Inequality has become an increasingly important topic among researchers and policymakers, both in terms of what causes inequality and what effects it can have on growth and the economy more generally. One channel through which inequality could affect the economy is by influencing the amount of borrowing, and its allocation across households. In particular, some have argued that in local areas where incomes are very unequal, households may try to ‘keep up’ with their more affluent neighbours by borrowing more. This has important potential implications for both financial and economic stability if it leads households to borrow too much and become more sensitive to negative shocks.

How important might this channel be? While nationwide income inequality in Australia is similar to other countries and has been stable over the past decade, income inequality within local areas often changes over time, and the gap between people with the highest and lowest incomes can differ substantially across areas. As households may make their borrowing decisions using their neighbours as a reference point, this suggests that local income inequality could have a moderate effect on household debt.

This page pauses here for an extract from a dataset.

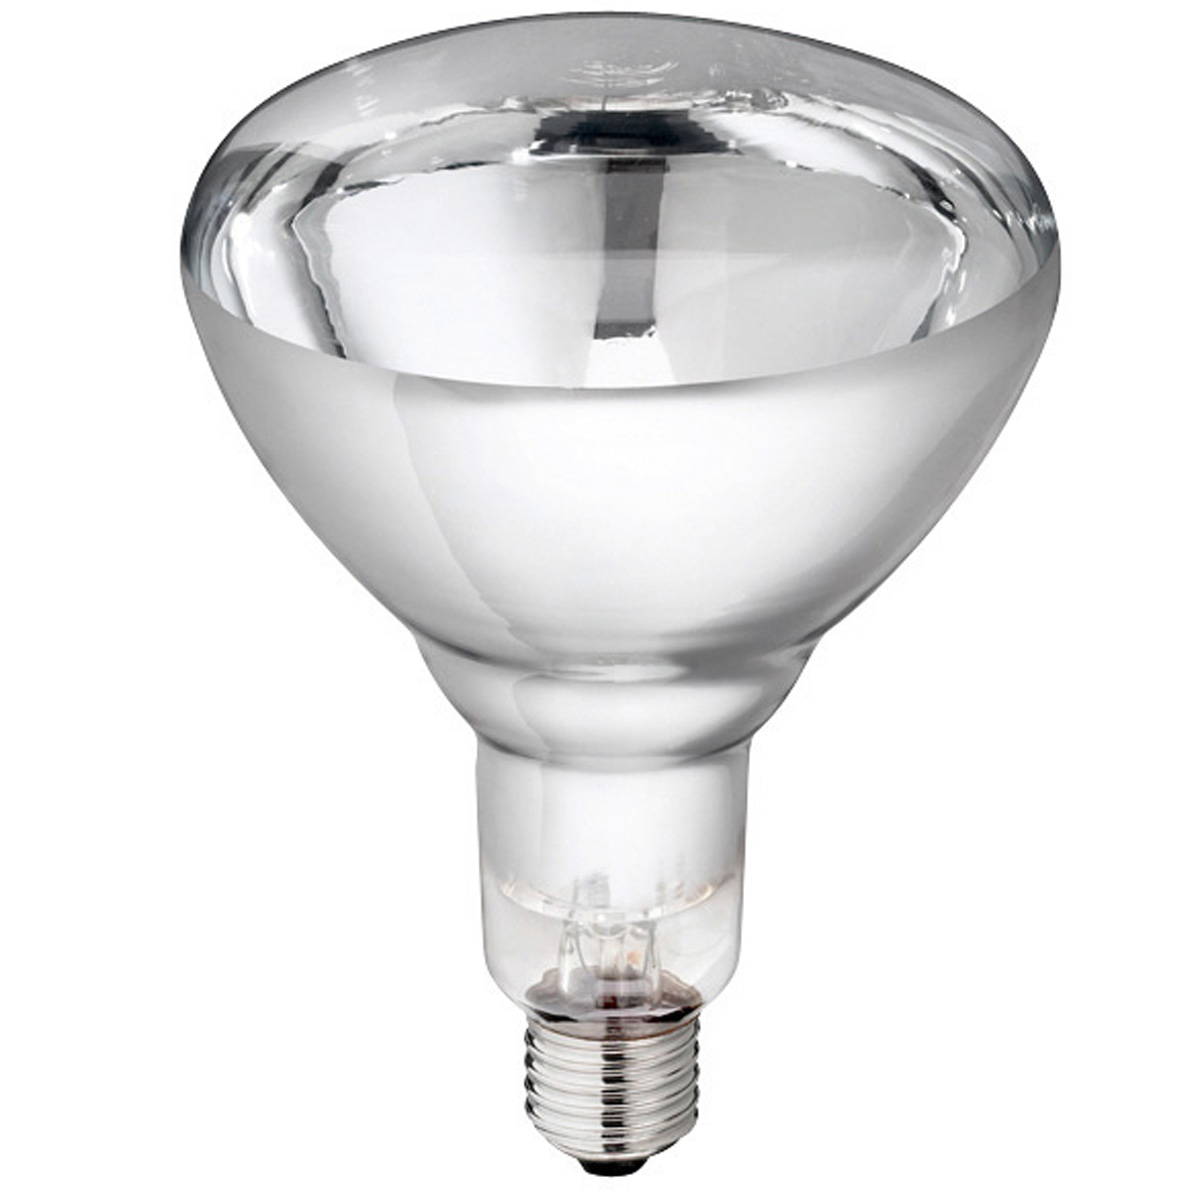 Philips lampa i härdat glas klart 150 W

As such, I ask the following questions:

  1. Do Australian households borrow more as income inequality in their local area increases?
  2. What do they borrow more for? For instance, to buy property or other assets, or to consume more?
  3. Which types of households borrow more? What are their demographic and financial characteristics, and does this have implications for financial and economic stability?

Key findings:

  • Households tend to borrow more for investment (e.g. to buy shares) or to buy cars, but not for housing, as income inequality in their local area rises.
  • In both cases, additional debt tends to be taken out by middle-income households who are financially comfortable. This has a number of important implications:
    • For investment debt, it suggests that these middle-income borrowers are trying to close the ‘income gap’ with their rich neighbours through investment that can raise future income.
    • For car debt, it suggests that households may be taking out debt to keep up with their richer neighbours through ‘conspicuous consumption’.
    • These households are unlikely to have difficulty repaying their debt. As such, there is limited financial stability concern.